▶ Given information:
[Start of Attachment]
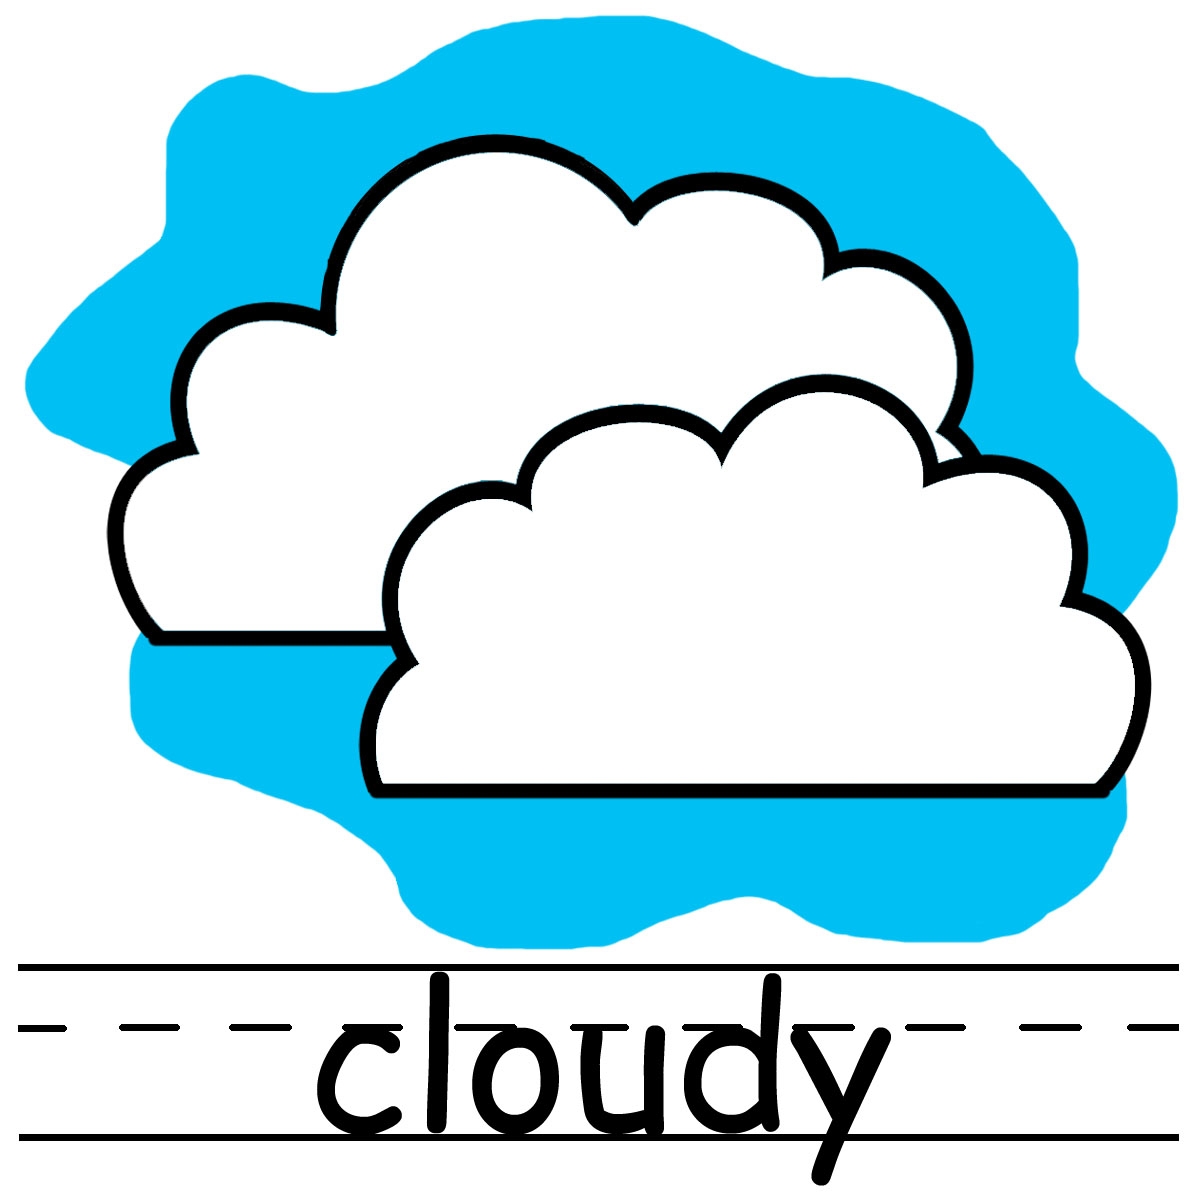 Gray cloudy clipart kid 2
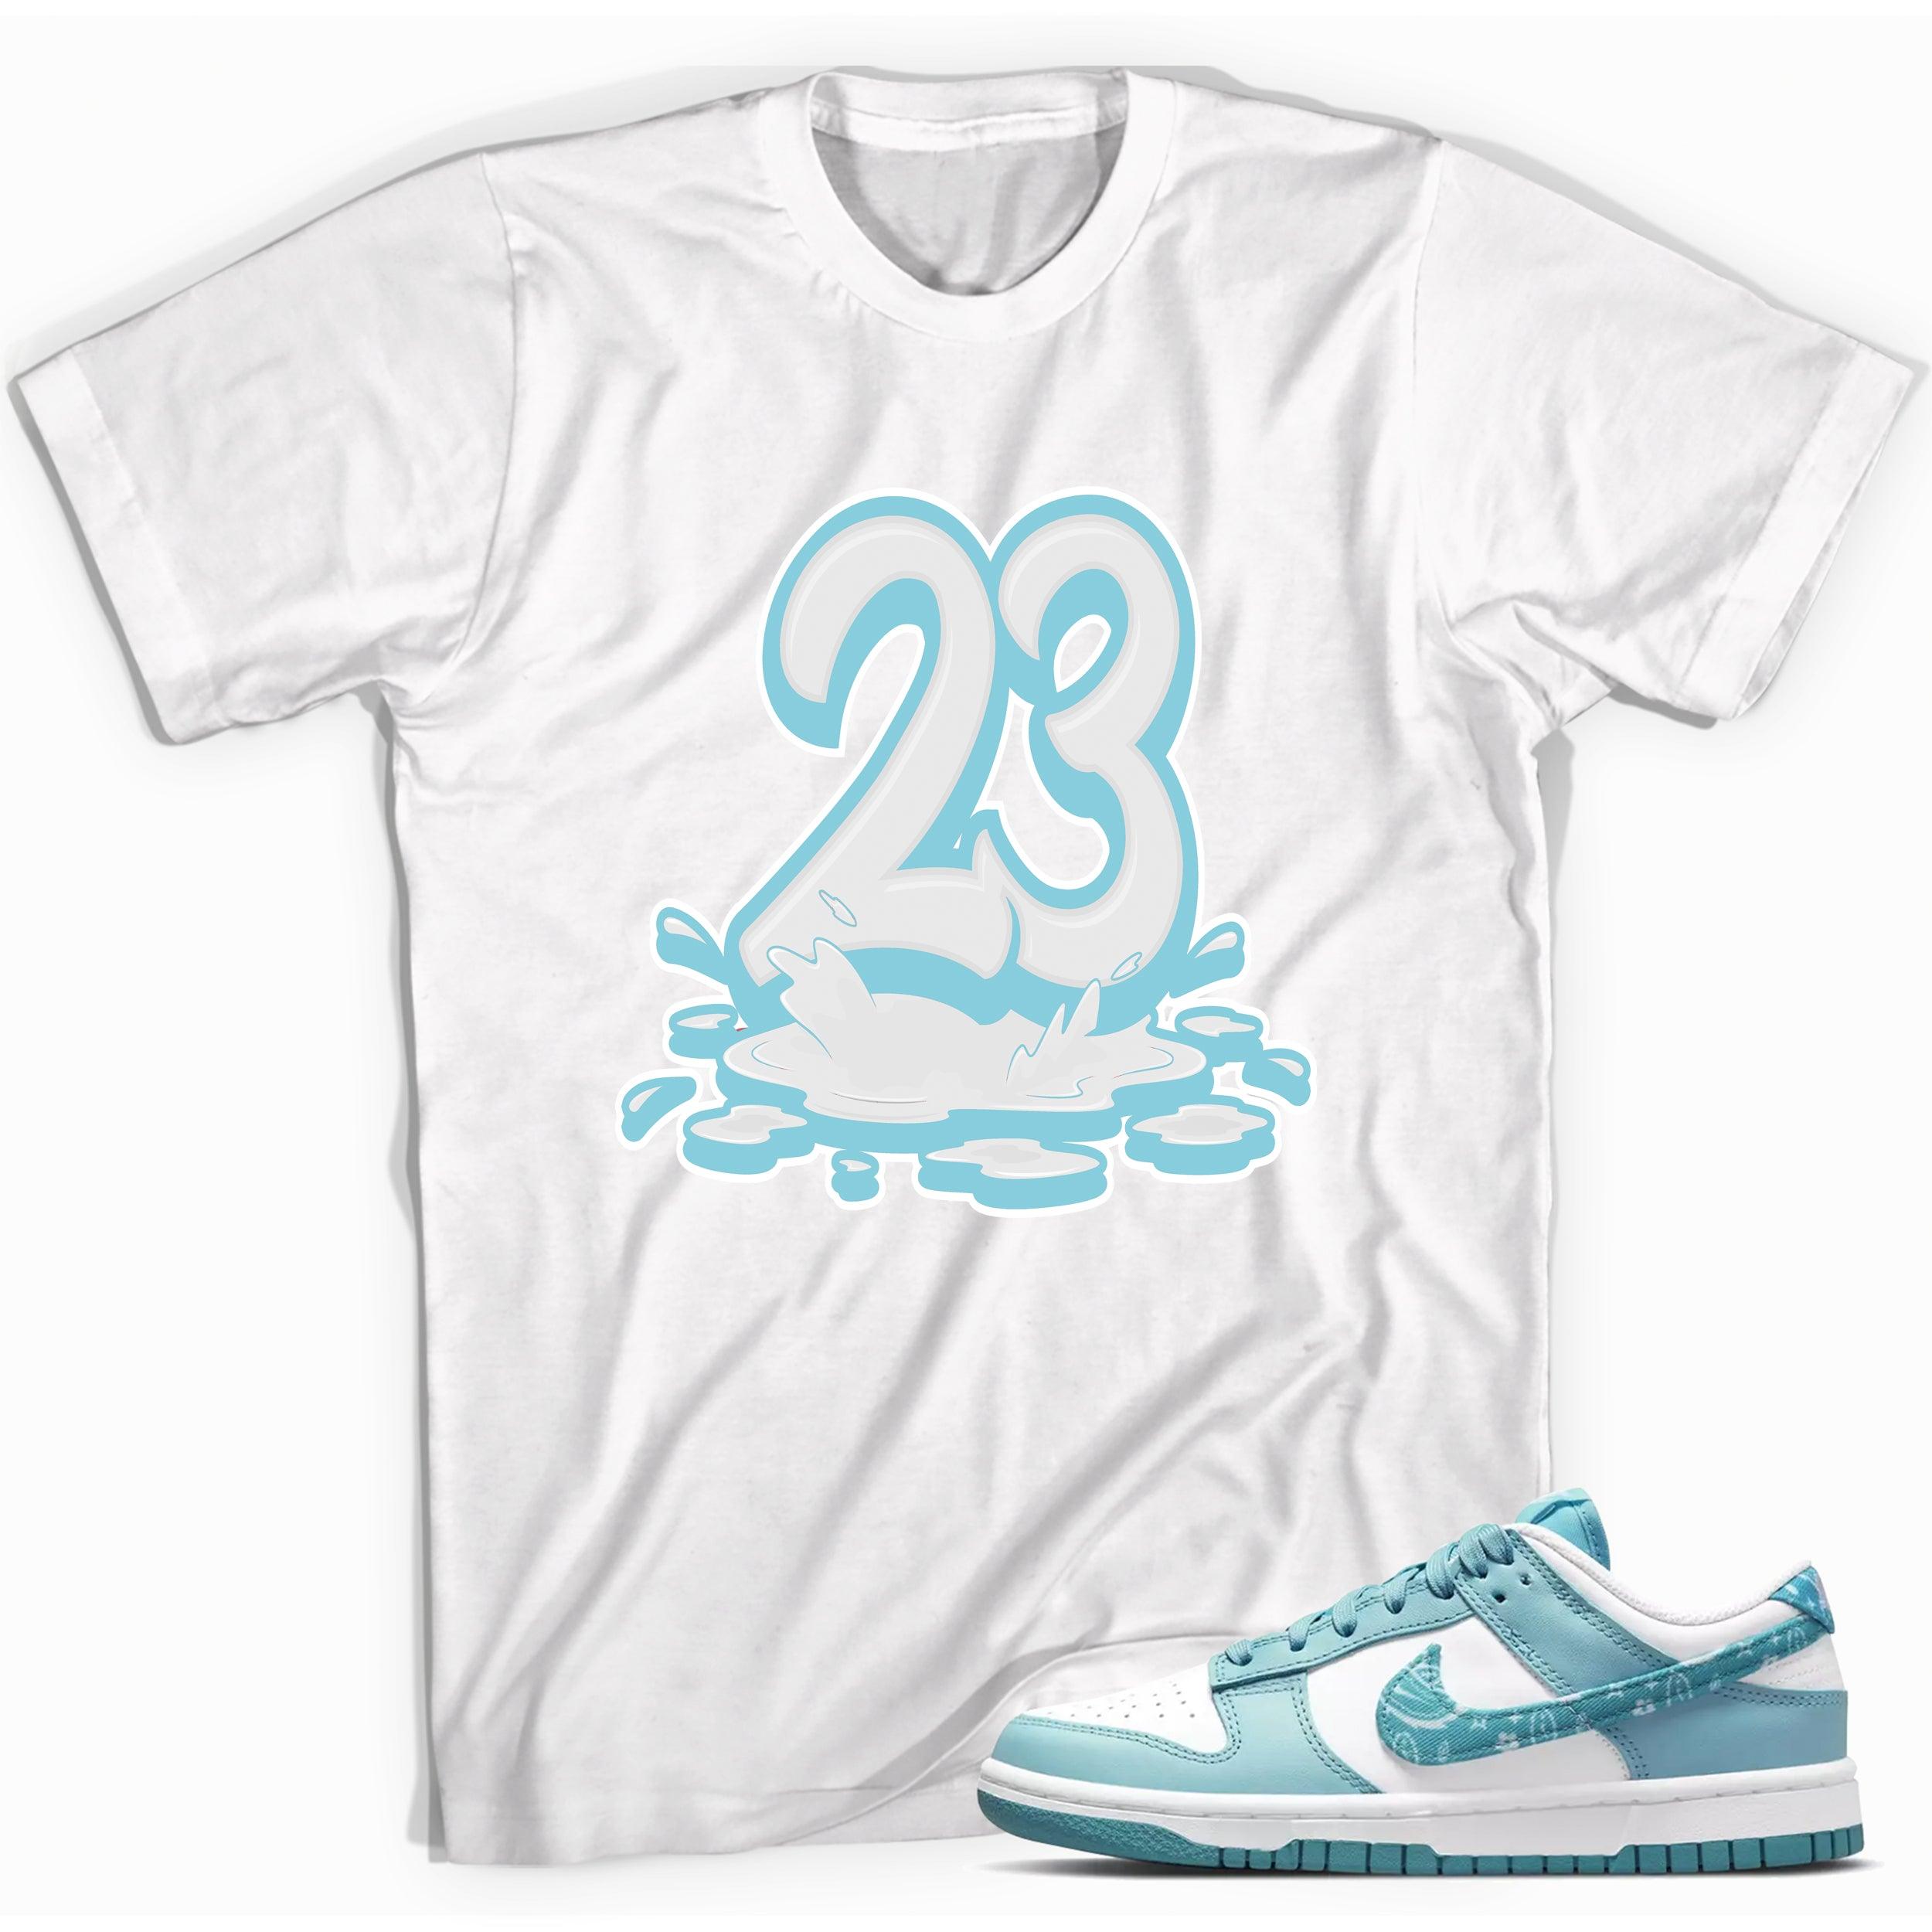 Number 23 Melting Shirt Dunk Low Essential Paisley Pack Worn Blue photo
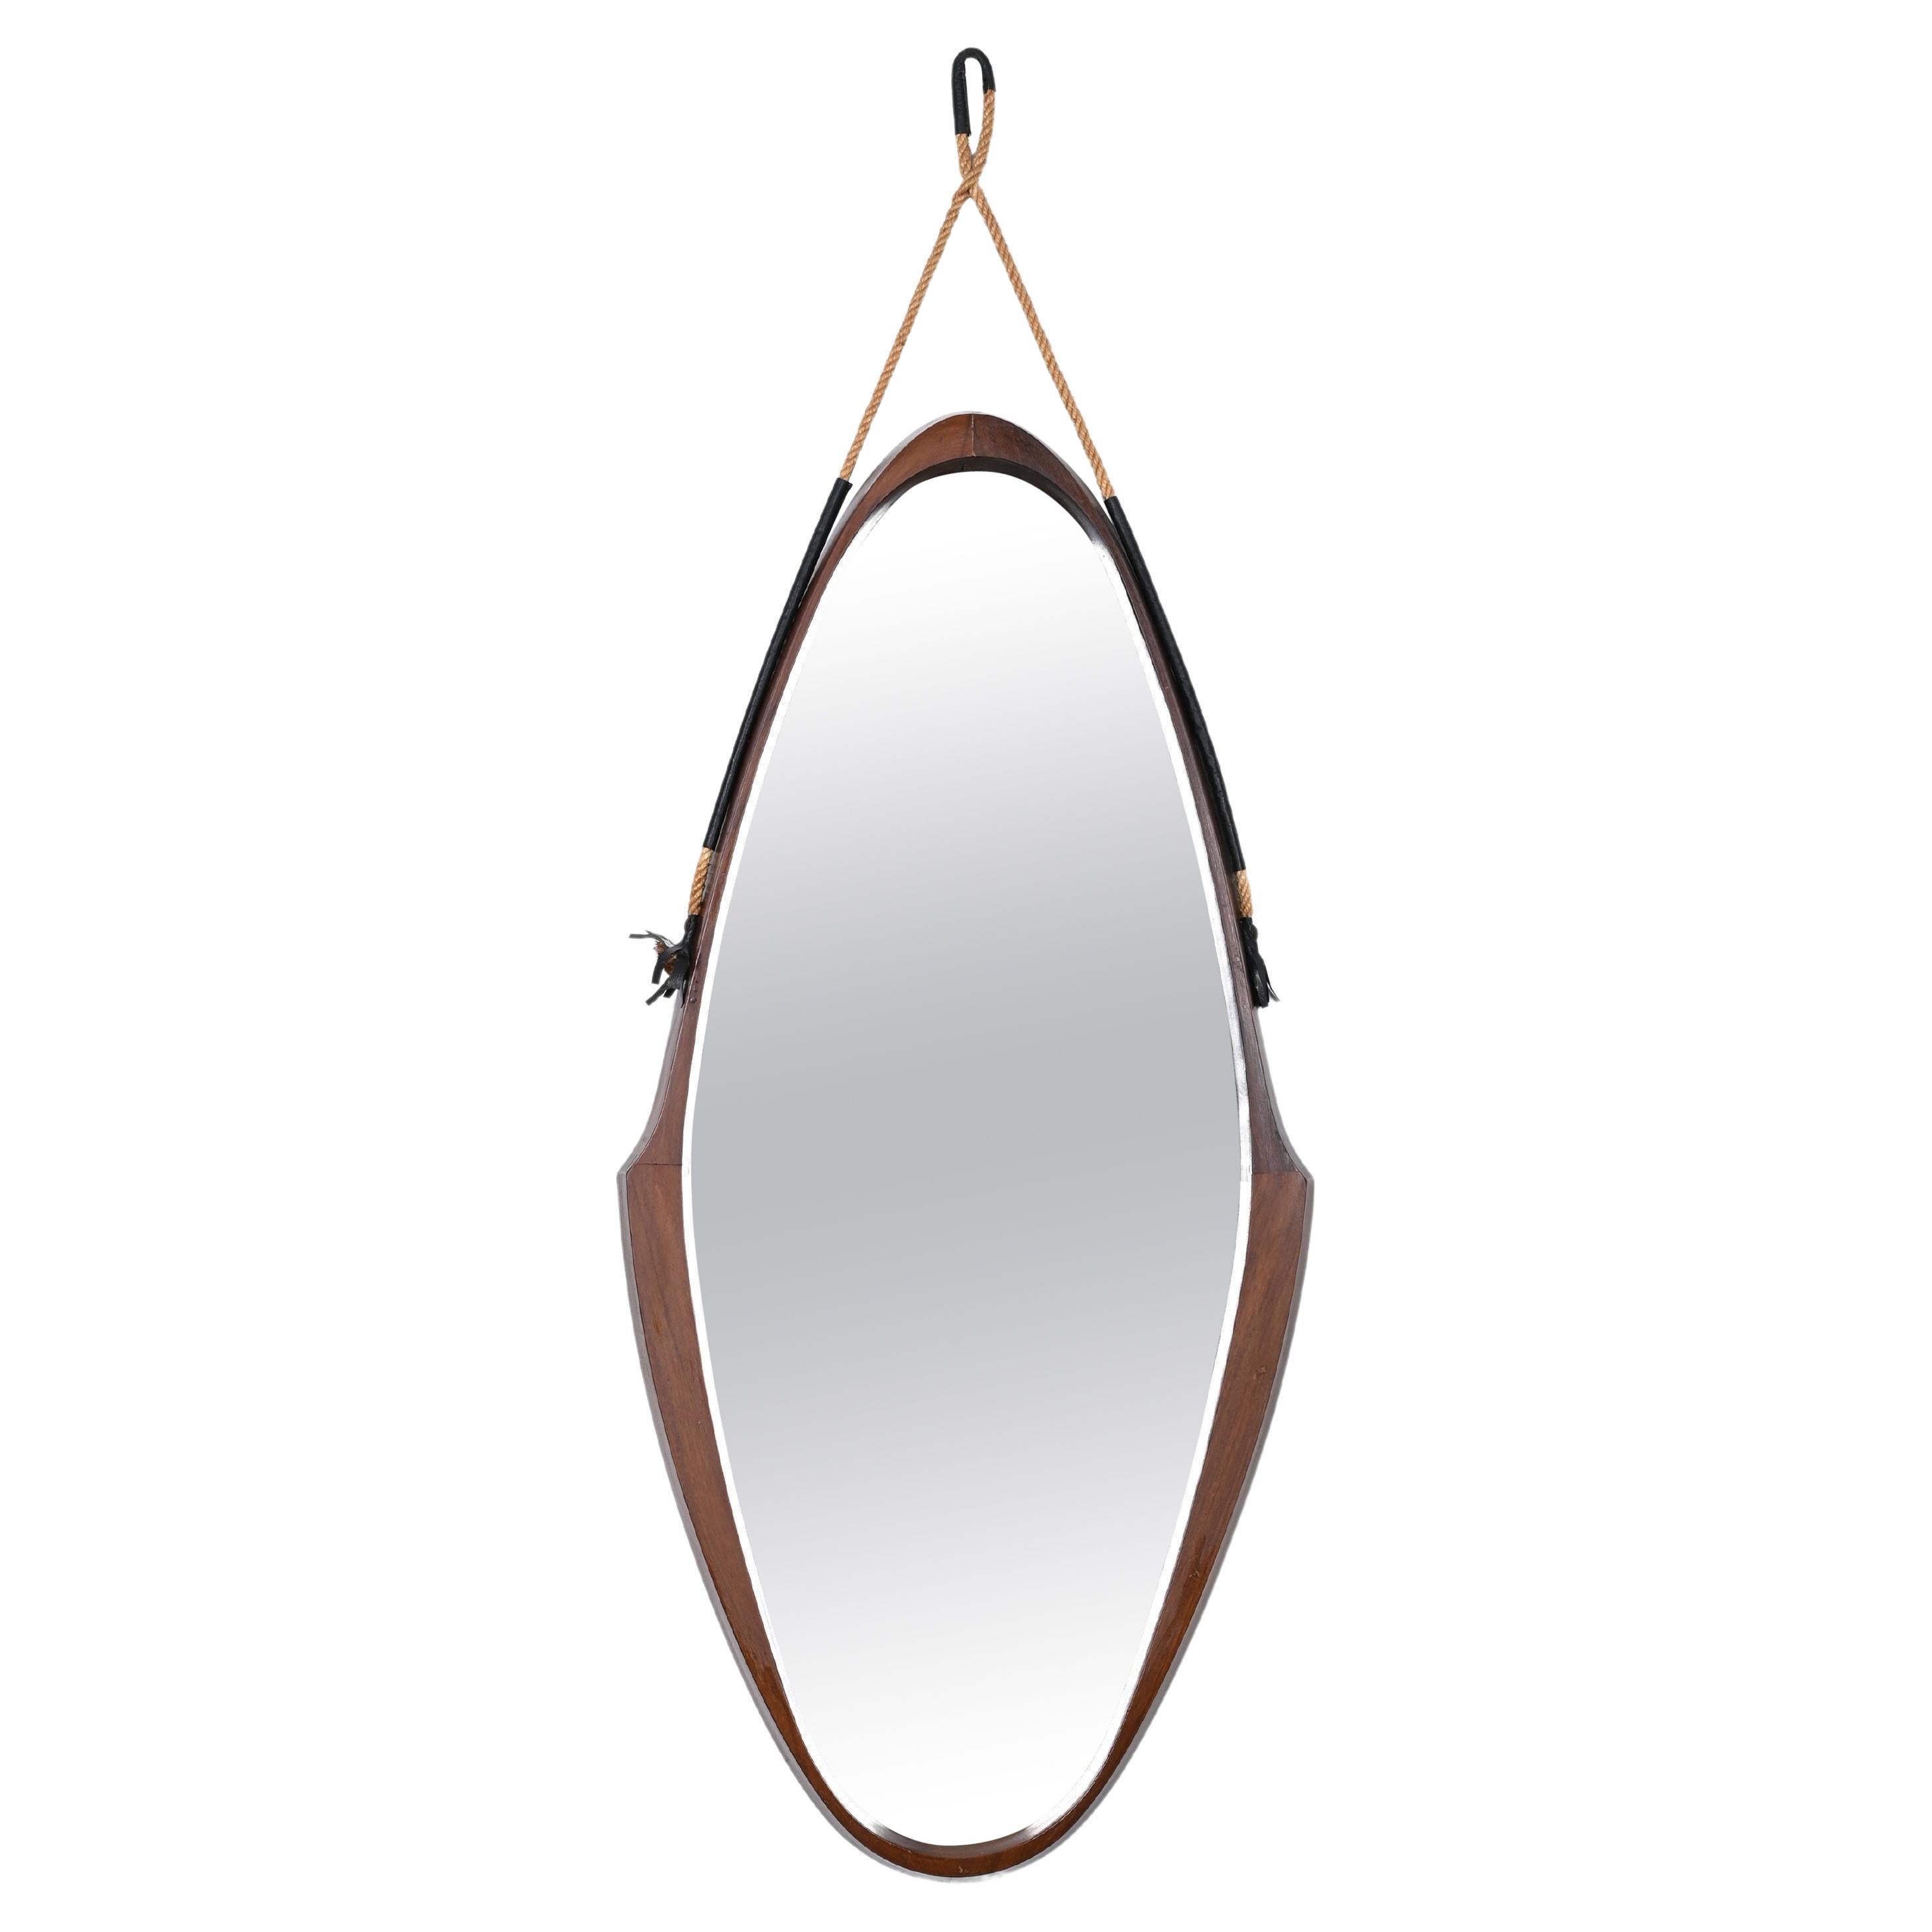 Midcentury Italian Oval Mirror in Curved Teak, Rope and Leather, 1960s
[End of Attachment]
▶ What is required:
Output all lines above precisely. Pictures are to be left out.

▶ Answer:
 Gray cloudy clipart kid 2
 Number 23 Melting Shirt Dunk Low Essential Paisley Pack Worn Blue photo
 Midcentury Italian Oval Mirror in Curved Teak, Rope and Leather, 1960s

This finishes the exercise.